Confessions of a Professional Cuddler

10/24/2013 03:05 pm ET | Updated Jan 23, 2014

A Penfield, New York, woman has started a cuddle for hire business. She charges $60 an hour to snuggle.
-- CNN, July 2012

The Snuggle House, a new business in Madison where customers can cuddle with young staff members for $60 an hour, postponed opening this week after failing to convince city attorneys it wasn't a front for prostitution.
-- The Milwaukee Journal Sentinel, October 2013

Professional cuddling is coming out of the shadows. It's about time.

Perhaps now I can safely declare that I cuddle for cash. You might think that performing acts of cuddle for money is immoral, but it puts me through school. Yes, it's driving school, but I need to get my license back.

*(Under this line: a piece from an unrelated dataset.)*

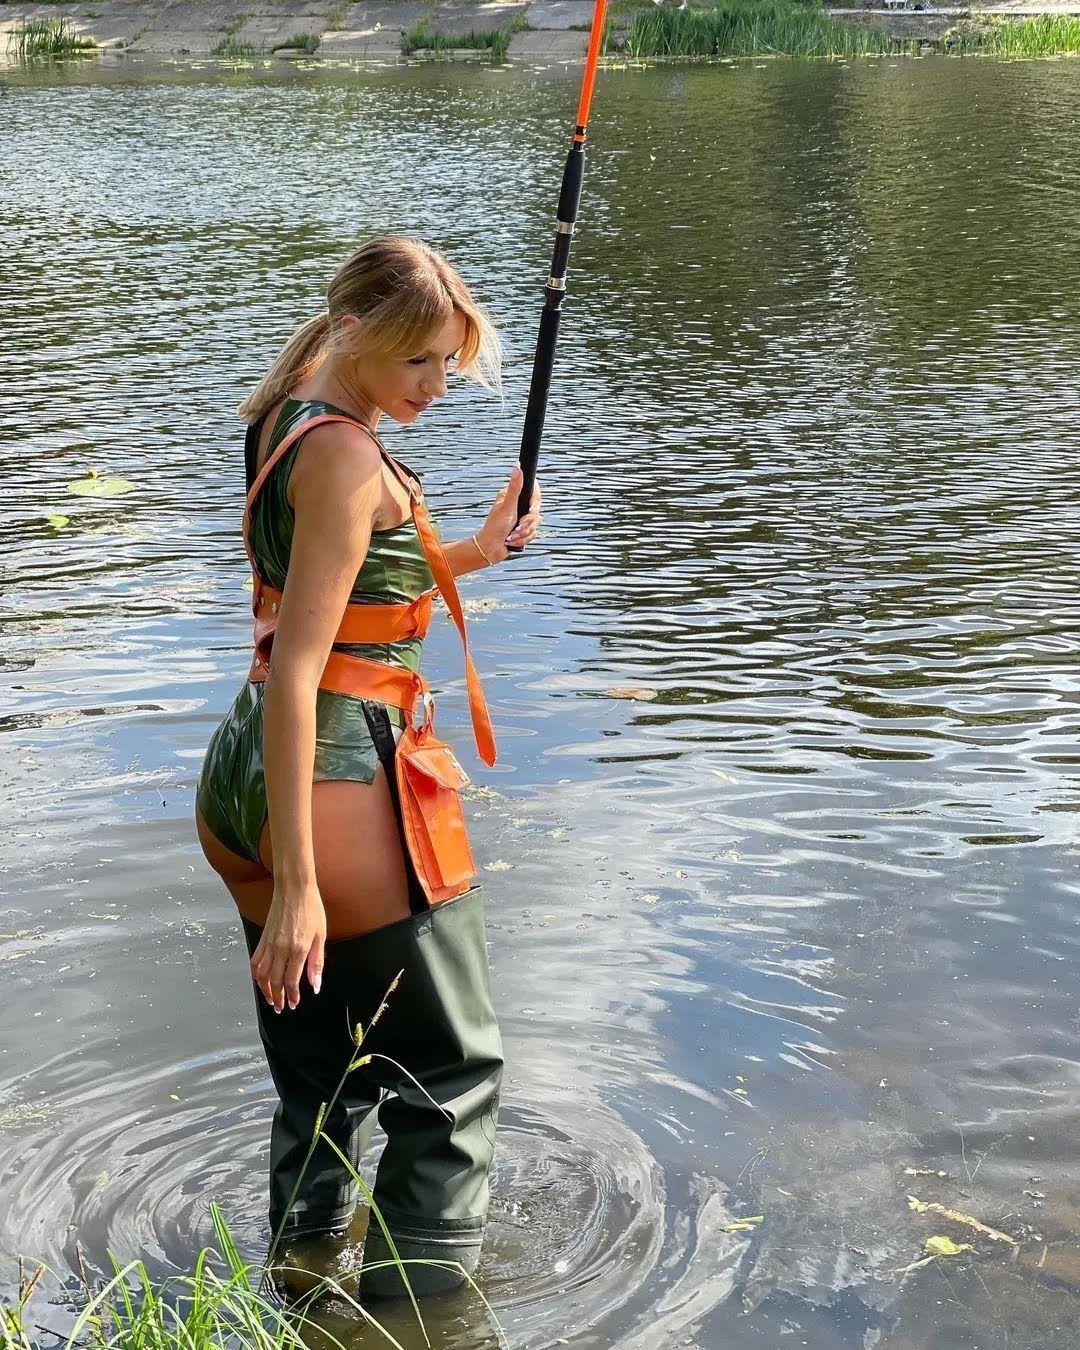 Никитюк позировала в костюме рыбалки

Some people call me a street cuddler. I prefer to be called a "comfort technician." Actually, I prefer to be called a Navy Seal, but the desist order from the Pentagon threw cold water all over that one.

Back to the point: America suffers from a Cuddle Gap. People don't get held as much as they need to. Yet those who offer to cuddle with strangers get laughed at. Or arrested. Or laughed at while being arrested.

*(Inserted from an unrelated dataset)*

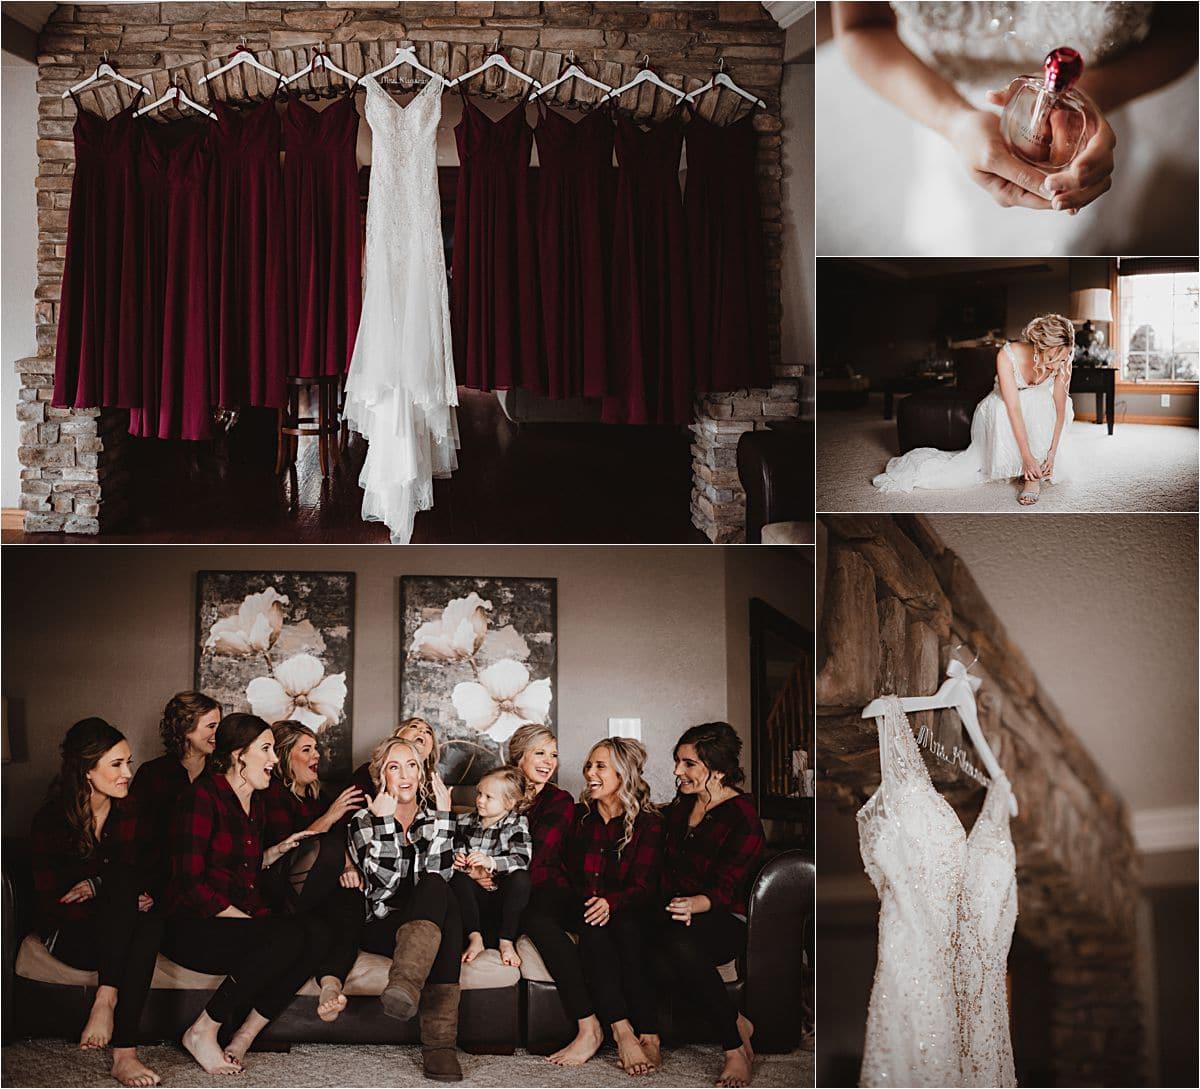 Snowy Winter Wedding Getting Ready Details

Sure, small minds snicker now. But if we don't confront our Cuddle Gap, our children won't get the education they need, the economy will crash and the terrorists will win.

Let me help avert this crisis by clearing up a few things about our profession.

People often wonder, "How does someone become a cuddler?" I think I speak for all cuddlers when I say this was not my childhood ambition. My childhood ambition was to be a Navy Seal. Can we stop talking about it?

My story is typical: One afternoon I found myself comforting a neighbor who was upset about someone running over her dog. (Who knew you could lose your driver's license for that?) Holding her while she wailed on the couch for an hour seemed like sufficient penance. When it was over, she said, "Women would pay to snuggle like this."

I laughed. She cried again. Rats. Another 20 minutes of comforting later she said the same thing, and this time I feigned interest. Next thing I knew, she had set me up to cuddle one of her friends on rainy afternoons. Our business grew fast, as it was easy to find people in need of a snuggle: single parents; married parents; federal workers; Boomers who thought their 400 LPs would be worth something someday.

At first I resented doing all the dirty work -- sitting, holding, listening -- but my business manager treated me well. She bought me alluring outfits, like flannel pajamas. She fed me lines that got me big tips, such as "Whatever you want to watch," and "No, not tonight; let's just cuddle."

Another thing a cuddler needs is a good handle. "Cuddles" is used by a surprising number of hookers. So we have to conjure other names, like Fuzzy Blanket, Warm Puppy, Cozy Fire and, most popular of all, Let's Turn Off the Game and Talk.

I know this all sounds like wild fun, but professional cuddling can be dangerous. Because we're always dodging undercover cops, we must advertise our services in code: "spoons for rent," "commercial comfort for sale" or "holding company available." I sometimes stand outside Pilates classes and whisper, "Let's get some hot chocolate and watch The Sound of Music."

Another risk arises from thrill-seeking exhibitionists who fantasize about hugging in the back of a cab or even on the front stoop. Like most men, I charge extra for public affection.

Worst of all, some clients assume cuddling leads to sex. That's why I start every session by talking about my wife, my kids and our cat, and guess which one upchucks hairballs in the bedroom every night? Clients are surprised to learn that I'm not some kind of superman; that I'm a regular guy with a family, with obligations, with dreams and with fears.

I'm a man who needs 60 bucks. Look, winter is coming. Doesn't that make us sad?